In a lot of cases a piece of software starts as a clean and simple idea that gradually grows into a much larger body of code as it is enhanced with various functionality and features.

Usually when the original idea has to be modified or enhanced it is performed on the most recent version of code that already incorporates mutliple layers of the said process of growth. My point of view is that at least in some situations a better approach is to

  1. return to the original clean version,
  2. adjust it in the most natural way (without being constrained by the tons of later changes) and
  3. repeat the previous growth process from the new starting state.

Ideally, the last step should be as automated as possible.

In this post I will maintain a list of those growth dimensions that are common to a wide range of applications regardless of whether they are good candidates for automation or not.

Fool-proofness

The proof-of-concept version is usually written without any error-handling in mind. During productization, fool-proofness must be added.

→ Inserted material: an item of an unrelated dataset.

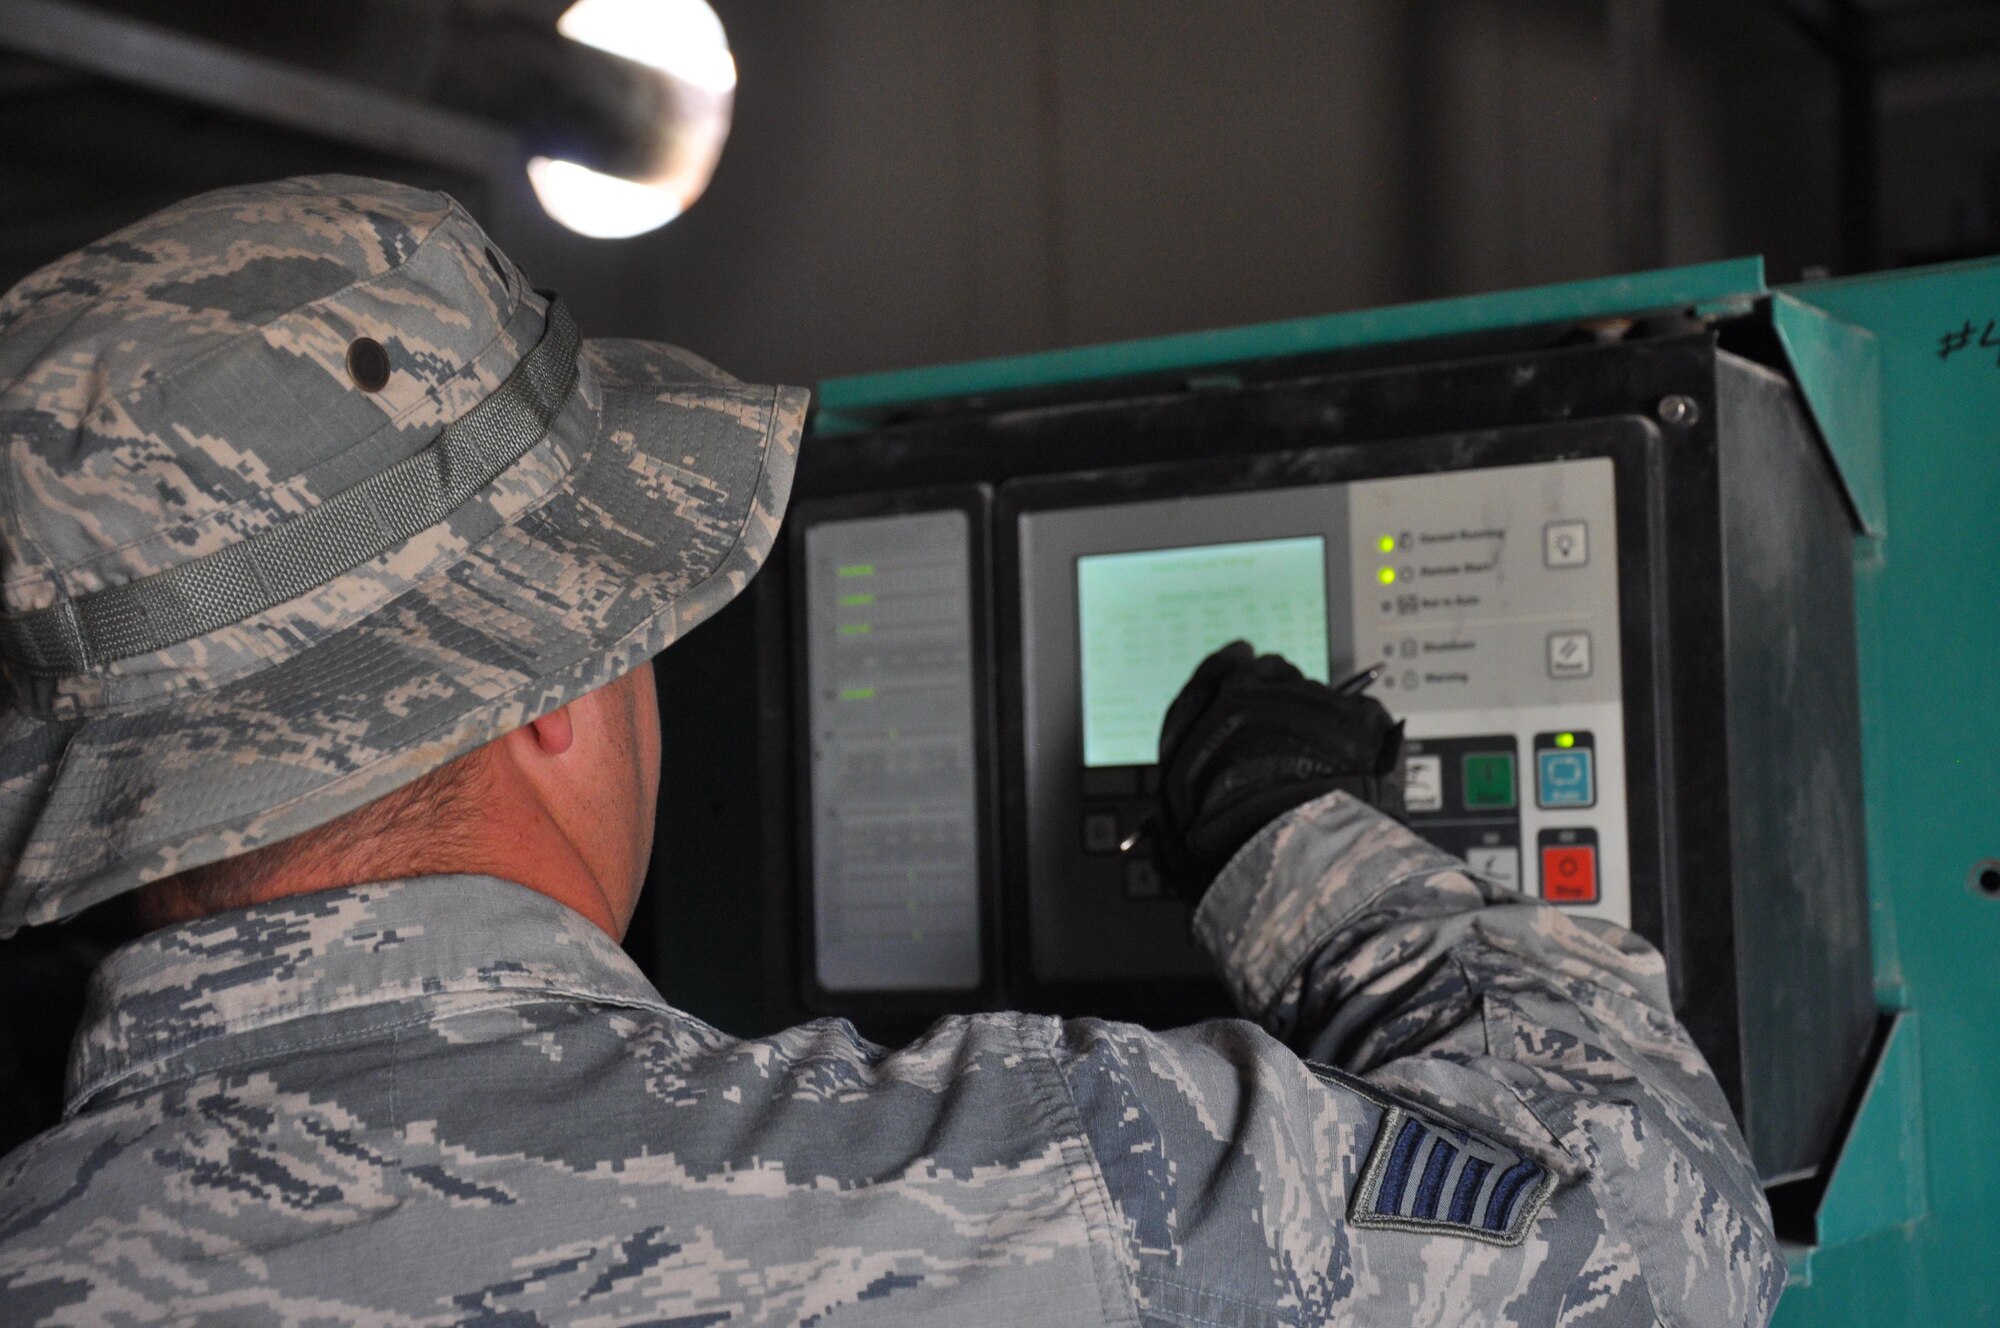 Staff Sgt. Jason D. Clinch, a generator maintenance program manager with the 386th Expeditionary Civil Engineer Squadron, adjusts power generator settings during a preventative maintenance check Wednesday May 10, 2017, at an undisclosed location in Southwest Asia. The power generator serves as a supplement to the host nation electrical grid. Staff Sergeant Clinch is deployed from the 30th Space Wing, Vandenberg Air Force Base, Calif.

The next item can be considered a variant of this one, still it deserves being mentioned separately (after all, there is an entire sub-industry focusing on it).

Security

The effect of this one can be as little as zero (when we only need to make sure that there are no buffer-overflows and similar bugs) to quite extensive and pervasive (if we are concerned with various permission levels for different users).

Internationalization

Support for multiple languages, units, currencies, etc.

UX & Accessibility

Optimization

Replacing straightforward yet slow data structures with complicated ones can result in much larger code. Sometimes a significant optimization is impossible without a drastic change in the software design.

The next item can be considered as a variant of this one, still it better be split out.

Support for concurrency

  • Asynchronous IO
  • Multithreading
  • Multiprocessing/distributed processing
  • Off-loading computations to the GPU

Compatibility

  • Backward compatibility
  • Forward compatibility
  • Compatibility with another existing tool

State persistence

  • Save & open/load
  • Versioning/checkpointing
  • Undo

Interactivity/Scripting

A batch-mode or CLI application may need to be converted to an interactive one (e.g. via a GUI or integration with a scripting language).